Saturday, May 18, 2013 | By: Elizabeth

Guest Post: Elizabeth vs. Miss Hudson

Ok, so, Brianna offered me the chance to do a guest post on her blog. Now, Brianna is epic, which makes her blog pretty epic, so really any posts on her blog should also be epic. I have to live up to transitive property.

(Am I off to an awesome start?)

In any case, I spent all day trying to figure out what I wanted to blog about. And while I was helping various students, I was struck by the realization that, while my friends know me as Elizabeth Hudson, they haven't met "Miss Hudson" -high school English teacher at Lowpoint-Washburn High School.  And just as my friends don't know Miss Hudson, my students don't know Elizabeth.

So who is Elizabeth, and who is Miss Hudson?

Elizabeth (n): 1). a reflective, introverted individual who opens up to people over an extended amount of time. 2) a middle child with a strange sense of humor but fantastic laugh. 3) a surprisingly morbid individual with more talents than what meets the eye. 4) an perceptive listener who weighs words wisely before offering advice. 5) a great lover of sleep, cats, books, and the color blue. 6) http://ehudson24.blogspot.com/ 7) me.

Miss Hudson (n): 1) first-year LWHS English teacher (10th-12th grade). 2) A supporter of dreams, artisan of intellect, and innovator of minds. 3) a weirdo with a creepy/awesome obsession with death, cats, and purple pens. 4) A beautiful individual in a skirt whom all the boys try to impress. See also: THE QUEEN. 5) A hilarious individual with a contagious laugh. 6) a stressed individual who tries to take everything in stride. 7) me.

And it's interesting to me to see the balance between the two.

(NOTE: I rarely if EVER refer to myself in the 3rd person, so don't judge me too harshly for the rest of this entry.)

I'm Elizabeth when I wake up and wish that I could still be sleeping. I stay in that mode while I put on make-up and dress professionally in preparation of being Miss Hudson (yes, I have purple and silver eye-shadow on, and hell DIDN'T freeze over. What. has. happened?!!??) The entire drive to school, I'm singing and waking up to my music, which brings me to the first clash of selves. Allow me to explain:

There is a male student who lives in Peoria with his mother, and has the same drive to school as I do. He's one of my favorites, but I'm fairly convinced that he has a crush on me (who tells their teacher that they "<3" them?). And since I'm still Elizabeth while driving to school, I find it really awkward to acknowledge his presence in any way. But since he's so used to Miss Hudson, capable of being beckoned simply by raising a hand, being ignored is totally weird...which is no doubt why he honked at me the other day. To get my attention. "I was waving like crazy but you were just singing away to your music with your little sunglasses on!" When he told me this, I smiled. What I didn't say was that I HAD noticed, but chose to speed up instead of wave back. (Which is why I also have to keep an eye out for cops as well as students).

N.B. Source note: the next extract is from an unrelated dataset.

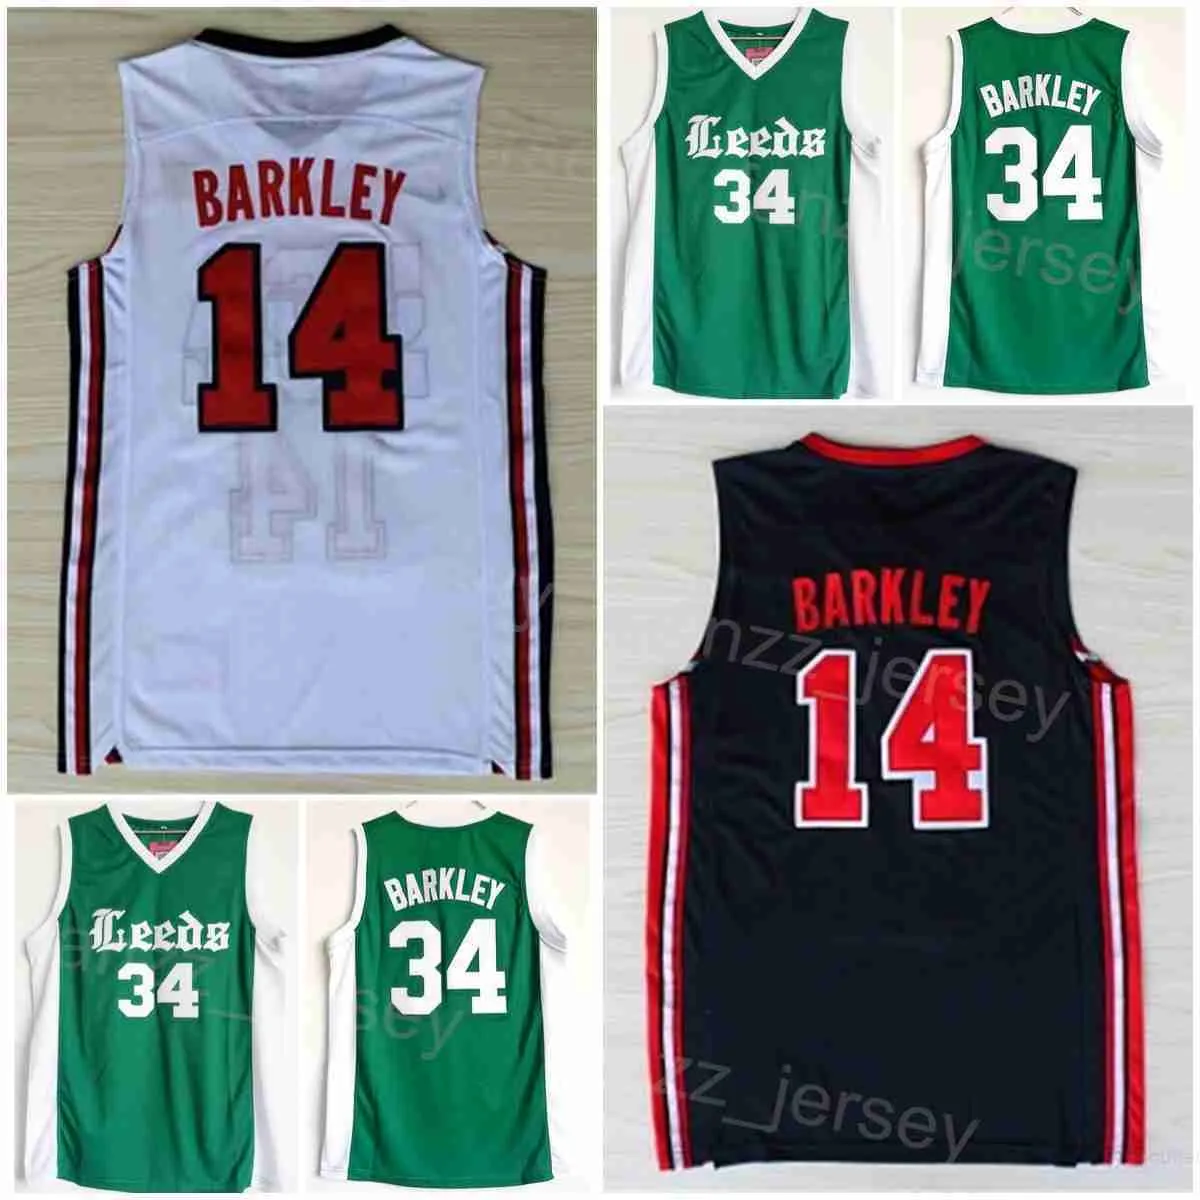 Koszykówka w szkole średniej 14 Charles Barkley Jerseys 34 Shirt College 1992 USA Dream Team One Sport University Drużyna oddychająca granatowa biała zielona zielona szwana mężczyzna NCAA

This clash continues when I first get to school. The kids all stand in a line outside of the building before the bell rings at 7:50. They chat and mess around and whatnot...but they also have a tendency to STARE and maintain eye contact as you walk up towards the building. I find this to be especially true if I'm wearing a skirt or a dress. And, being an introvert, I like to have a little bit of time to mentally prepare for conversations. I can't tell you how many times a student has tried to greet me in the morning, only to get a half mumbled grunt back.

But the moment I enter my classroom, my domain, Miss Hudson is in control. Somehow I can make quick, witty comments on the fly. I can make small talk like none other. The boys try to impress me, the girls love talking to me, and they all try to make me laugh and smile (which, let's be honest, really isn't that hard). I make fun of myself, which they find fantastic. I'm patient and caring and genuinely concerned. They call me beautiful and a good teacher, and they truly believe it.


As of late,I believe it as well. It feels like my two selves are coming together as one. Maybe this is just what growing up and becoming an adult feels like. Teaching as Miss Hudson has done wonders for Elizabeth's self-esteem, which shouldn't surprise me as much as it does. My self and personality existed before I started teaching, so clearly it was in me all along.

I remember taking an education night class with a professor/high school teacher whom I wasn't too fond of during my time at IWU. What really destroyed my respect for her was a conversation in which she told me that she was surprised that I did so well in her class, since she thought I would be "too quiet" to become an effective teacher. And that's not the first time I've heard that comment. When I first applied to be a RA, I was put on the waiting list, because they didn't think that my personality was forceful enough to take control over a stressful situation.


If there's any point to my ramblings, I guess it's just this: don't underestimate the introvert. When they do finally speak, you'd best believe that they have something worth listening to.


And this introvert has had her voice all along.